## Problem description
Reproduce all entries precisely as they are written.

━━━━━ Raw data

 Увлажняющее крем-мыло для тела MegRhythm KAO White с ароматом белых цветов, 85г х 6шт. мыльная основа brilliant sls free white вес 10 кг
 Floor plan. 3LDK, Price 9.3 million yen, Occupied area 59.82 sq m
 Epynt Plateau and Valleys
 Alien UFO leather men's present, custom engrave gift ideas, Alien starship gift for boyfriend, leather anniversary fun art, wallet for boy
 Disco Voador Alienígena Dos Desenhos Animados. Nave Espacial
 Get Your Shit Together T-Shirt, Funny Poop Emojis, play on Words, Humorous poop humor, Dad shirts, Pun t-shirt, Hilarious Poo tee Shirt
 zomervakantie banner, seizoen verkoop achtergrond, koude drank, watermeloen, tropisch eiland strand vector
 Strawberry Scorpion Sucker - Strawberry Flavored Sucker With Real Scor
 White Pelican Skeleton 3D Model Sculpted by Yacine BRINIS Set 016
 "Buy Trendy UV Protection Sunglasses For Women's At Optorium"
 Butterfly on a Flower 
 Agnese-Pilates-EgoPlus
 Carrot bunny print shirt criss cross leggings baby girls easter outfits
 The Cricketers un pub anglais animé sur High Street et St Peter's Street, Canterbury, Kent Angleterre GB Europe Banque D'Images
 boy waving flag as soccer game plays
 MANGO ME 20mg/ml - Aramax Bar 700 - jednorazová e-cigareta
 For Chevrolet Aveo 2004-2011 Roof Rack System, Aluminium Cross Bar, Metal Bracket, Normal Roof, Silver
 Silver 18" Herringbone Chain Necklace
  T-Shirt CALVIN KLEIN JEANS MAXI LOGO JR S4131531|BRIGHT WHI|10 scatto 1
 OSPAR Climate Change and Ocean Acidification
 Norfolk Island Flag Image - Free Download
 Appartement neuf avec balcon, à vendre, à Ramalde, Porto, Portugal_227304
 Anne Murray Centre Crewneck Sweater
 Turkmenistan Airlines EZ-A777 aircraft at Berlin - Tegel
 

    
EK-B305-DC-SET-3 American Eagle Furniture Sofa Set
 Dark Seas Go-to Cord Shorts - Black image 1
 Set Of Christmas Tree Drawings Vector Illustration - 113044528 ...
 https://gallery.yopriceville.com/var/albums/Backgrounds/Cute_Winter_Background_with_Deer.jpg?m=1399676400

━━━━━━━━━━

## Task answer
 Увлажняющее крем-мыло для тела MegRhythm KAO White с ароматом белых цветов, 85г х 6шт. мыльная основа brilliant sls free white вес 10 кг
 Floor plan. 3LDK, Price 9.3 million yen, Occupied area 59.82 sq m
 Epynt Plateau and Valleys
 Alien UFO leather men's present, custom engrave gift ideas, Alien starship gift for boyfriend, leather anniversary fun art, wallet for boy
 Disco Voador Alienígena Dos Desenhos Animados. Nave Espacial
 Get Your Shit Together T-Shirt, Funny Poop Emojis, play on Words, Humorous poop humor, Dad shirts, Pun t-shirt, Hilarious Poo tee Shirt
 zomervakantie banner, seizoen verkoop achtergrond, koude drank, watermeloen, tropisch eiland strand vector
 Strawberry Scorpion Sucker - Strawberry Flavored Sucker With Real Scor
 White Pelican Skeleton 3D Model Sculpted by Yacine BRINIS Set 016
 "Buy Trendy UV Protection Sunglasses For Women's At Optorium"
 Butterfly on a Flower 
 Agnese-Pilates-EgoPlus
 Carrot bunny print shirt criss cross leggings baby girls easter outfits
 The Cricketers un pub anglais animé sur High Street et St Peter's Street, Canterbury, Kent Angleterre GB Europe Banque D'Images
 boy waving flag as soccer game plays
 MANGO ME 20mg/ml - Aramax Bar 700 - jednorazová e-cigareta
 For Chevrolet Aveo 2004-2011 Roof Rack System, Aluminium Cross Bar, Metal Bracket, Normal Roof, Silver
 Silver 18" Herringbone Chain Necklace
  T-Shirt CALVIN KLEIN JEANS MAXI LOGO JR S4131531|BRIGHT WHI|10 scatto 1
 OSPAR Climate Change and Ocean Acidification
 Norfolk Island Flag Image - Free Download
 Appartement neuf avec balcon, à vendre, à Ramalde, Porto, Portugal_227304
 Anne Murray Centre Crewneck Sweater
 Turkmenistan Airlines EZ-A777 aircraft at Berlin - Tegel
 

    
EK-B305-DC-SET-3 American Eagle Furniture Sofa Set
 Dark Seas Go-to Cord Shorts - Black image 1
 Set Of Christmas Tree Drawings Vector Illustration - 113044528 ...
 https://gallery.yopriceville.com/var/albums/Backgrounds/Cute_Winter_Background_with_Deer.jpg?m=1399676400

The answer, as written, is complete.